Recently I was invited to the Preview of the Skype Meeting Broadcast. Naturally I nominated the Paradyne tenant in Office 365 and sat back and waited.

A few days later I received an email to confirm that I had been accepted, and that the Paradyne tenant had been enabled. However when I received that email I realised something – we don’t actually use Skype for Business Online as part of Office 365 as we use a hosted Enterprise Voice service that runs Lync Server 2013 behind the scenes.

I thought out preview test was over before it started.

The first issue we found was that when scheduling a meeting in Skype Meeting Broadcast the user needs to have a SIP address. In our case that wasn’t possible as our user objects have no SIP details within the proxyAddress attribute. We worked around that by creating an account that utilised Skype for Business Online, however quickly found the next issue was we couldn’t add “event staff” (aka presenters) as we had the same problem – Skype for Business Online doesn’t know of their existence.

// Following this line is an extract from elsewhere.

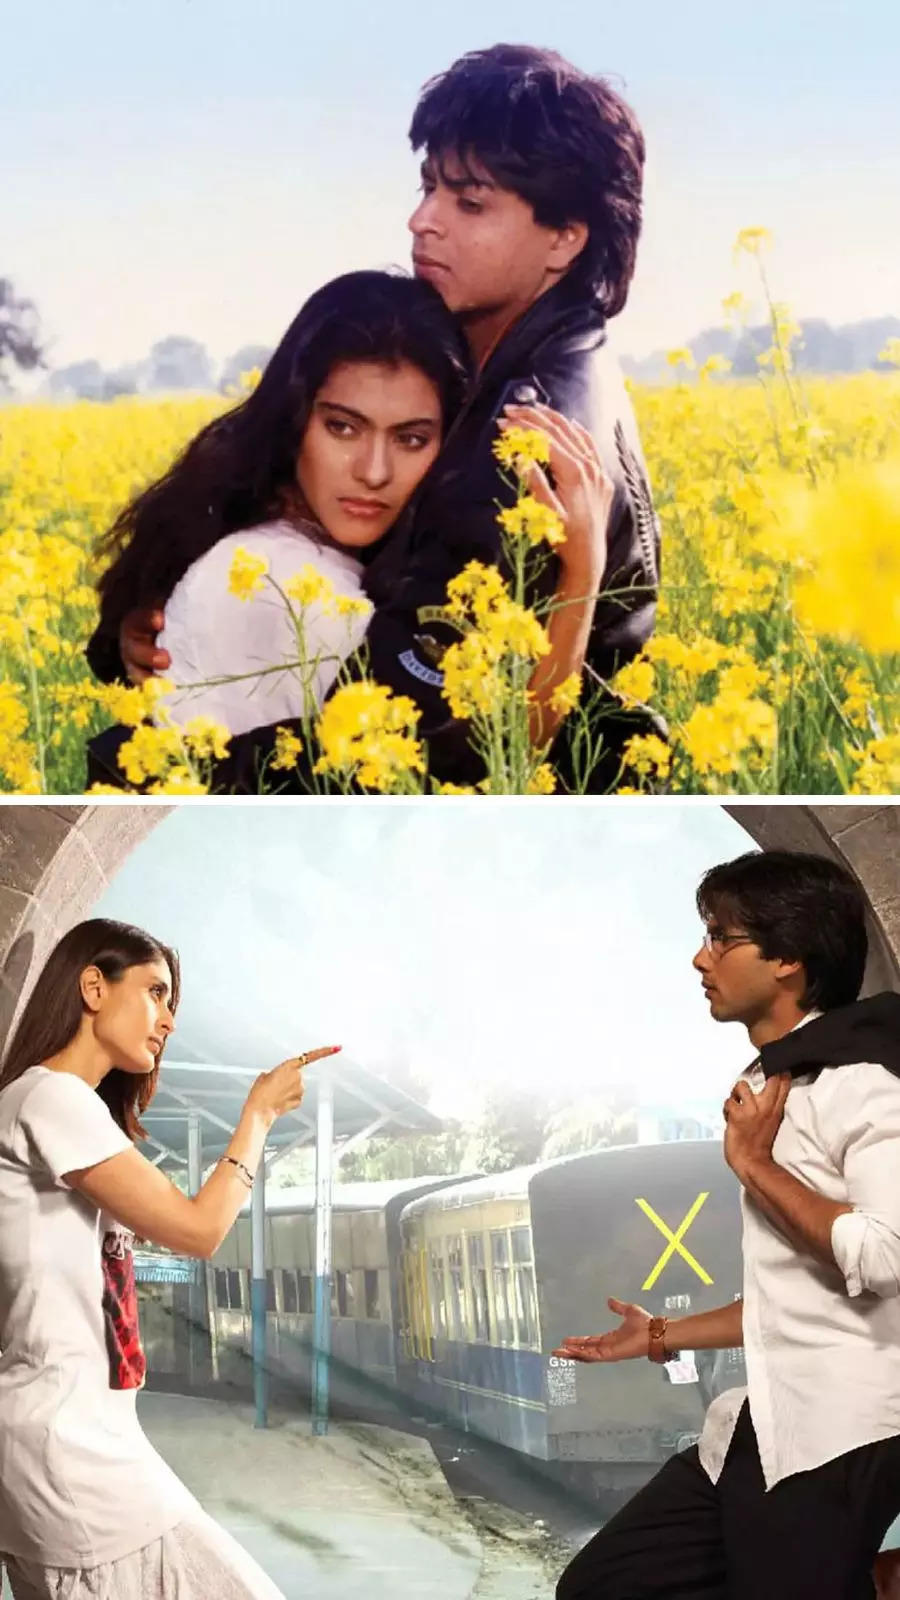 Dilwale Dulhania Le Jayenge - It's the 'Shah Rukh Khan Film Festival'!  Here's a chance to watch your favourite Shah Rukh Khan movie at the nearest  PVR CINEMAS *Check local listings for

In a normal hybrid scenario this wouldn’t be an issue as directory synchronisation would populate the SIP address in the object within Azure Active Directory / Office 365, however would simply show the Skype for Business server to be elsewhere (as in NOT using Skype for Business Online). As we are cloud-only this didn’t apply to us, however Microsoft do provide some guidance on configuring an on-premises implementation of Skype for Business Server 2015 to support the Skype Meeting Broadcast service.

So our conundrum – we can schedule broadcasts but can’t participate in them as presenters. What to do?

Well as the service effectively uses the Skype for Business client – we found that all we had to do was add a Paradyne person (using their SIP address of to the contact list and we were then able to invite them into the meeting. Once in the meeting we could promote them to presenter. This got us around the issue of the fact that we couldn’t add them to the broadcast event as a presenter / team member.

We did however try to invite an external person into the meeting to see if we could make them a presenter however they were not able to join:


(Thanks to Darrell Webster for being our guinea pig there.)

One of the things we also noted quite quickly is that there is a delay of approximately 28-29 seconds which is by design.

We did try to get Yammer and Bing Pulse integration into the meeting but were unsuccessful.

Another quirk was that we couldn’t actually start the broadcast until someone’s video was set as active. Even if we added a presentation (as guided by the UI as being enough of a starting point) the ability to start the broadcast did not show up – it was only after we marked the video as active.

One thing I would like to see added soon to the service would be attendee tracking – as we had no visibility of whether anyone attended the broadcast or not.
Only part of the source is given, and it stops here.